What you will do
Once the line containing "Wir freuen uns, diese" is found in the entries below, reproduce it and every line after it, stopping at and including the line containing "Ein gut aussehendes"; reproduce nothing else, and keep each line exact.

Provided records
★ ★ ★ ★

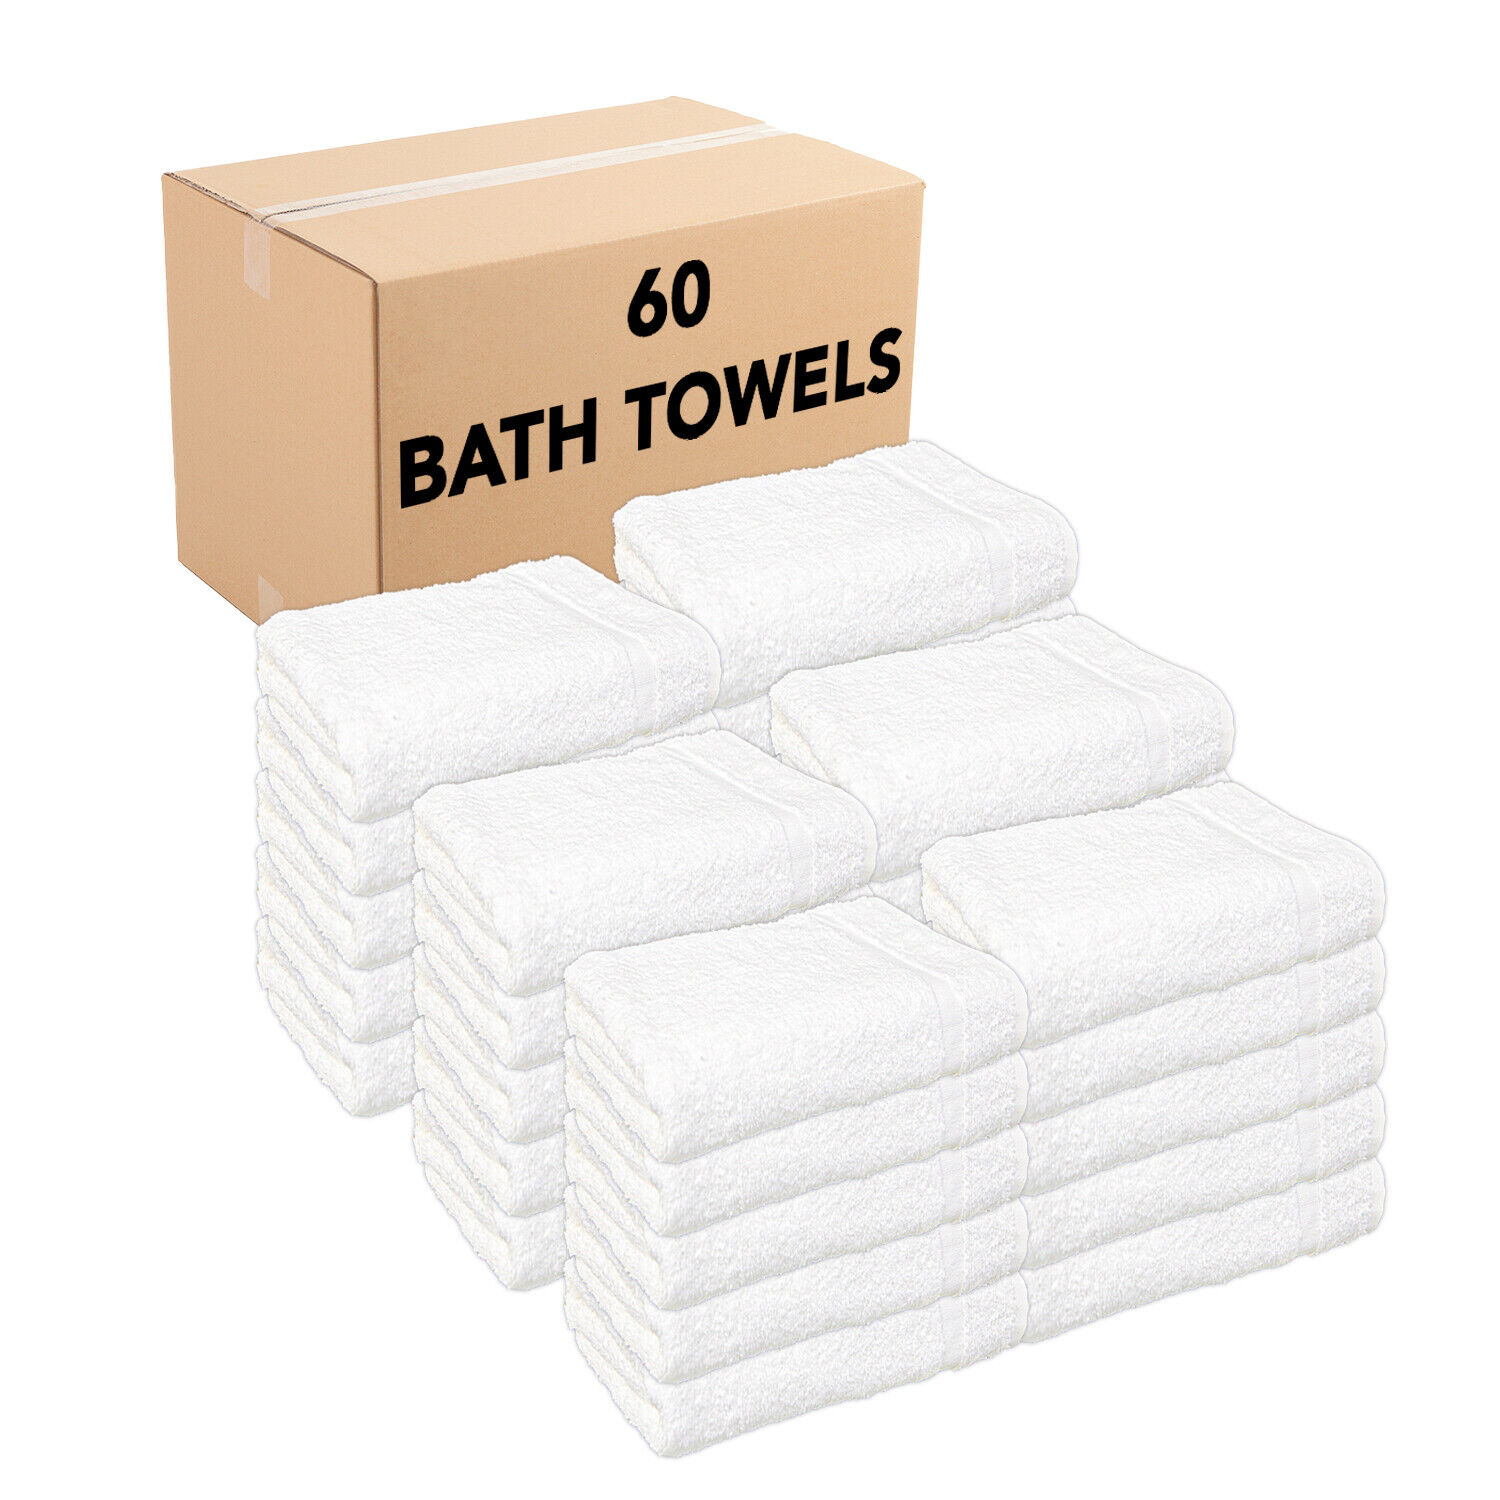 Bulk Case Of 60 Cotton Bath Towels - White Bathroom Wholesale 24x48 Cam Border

★ ★ ★ ★

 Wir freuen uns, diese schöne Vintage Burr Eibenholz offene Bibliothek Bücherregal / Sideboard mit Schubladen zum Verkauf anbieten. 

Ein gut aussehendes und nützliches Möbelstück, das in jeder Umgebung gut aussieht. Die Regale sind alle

★ ★ ★ ★

Solved problem
 Wir freuen uns, diese schöne Vintage Burr Eibenholz offene Bibliothek Bücherregal / Sideboard mit Schubladen zum Verkauf anbieten. 

Ein gut aussehendes und nützliches Möbelstück, das in jeder Umgebung gut aussieht. Die Regale sind alle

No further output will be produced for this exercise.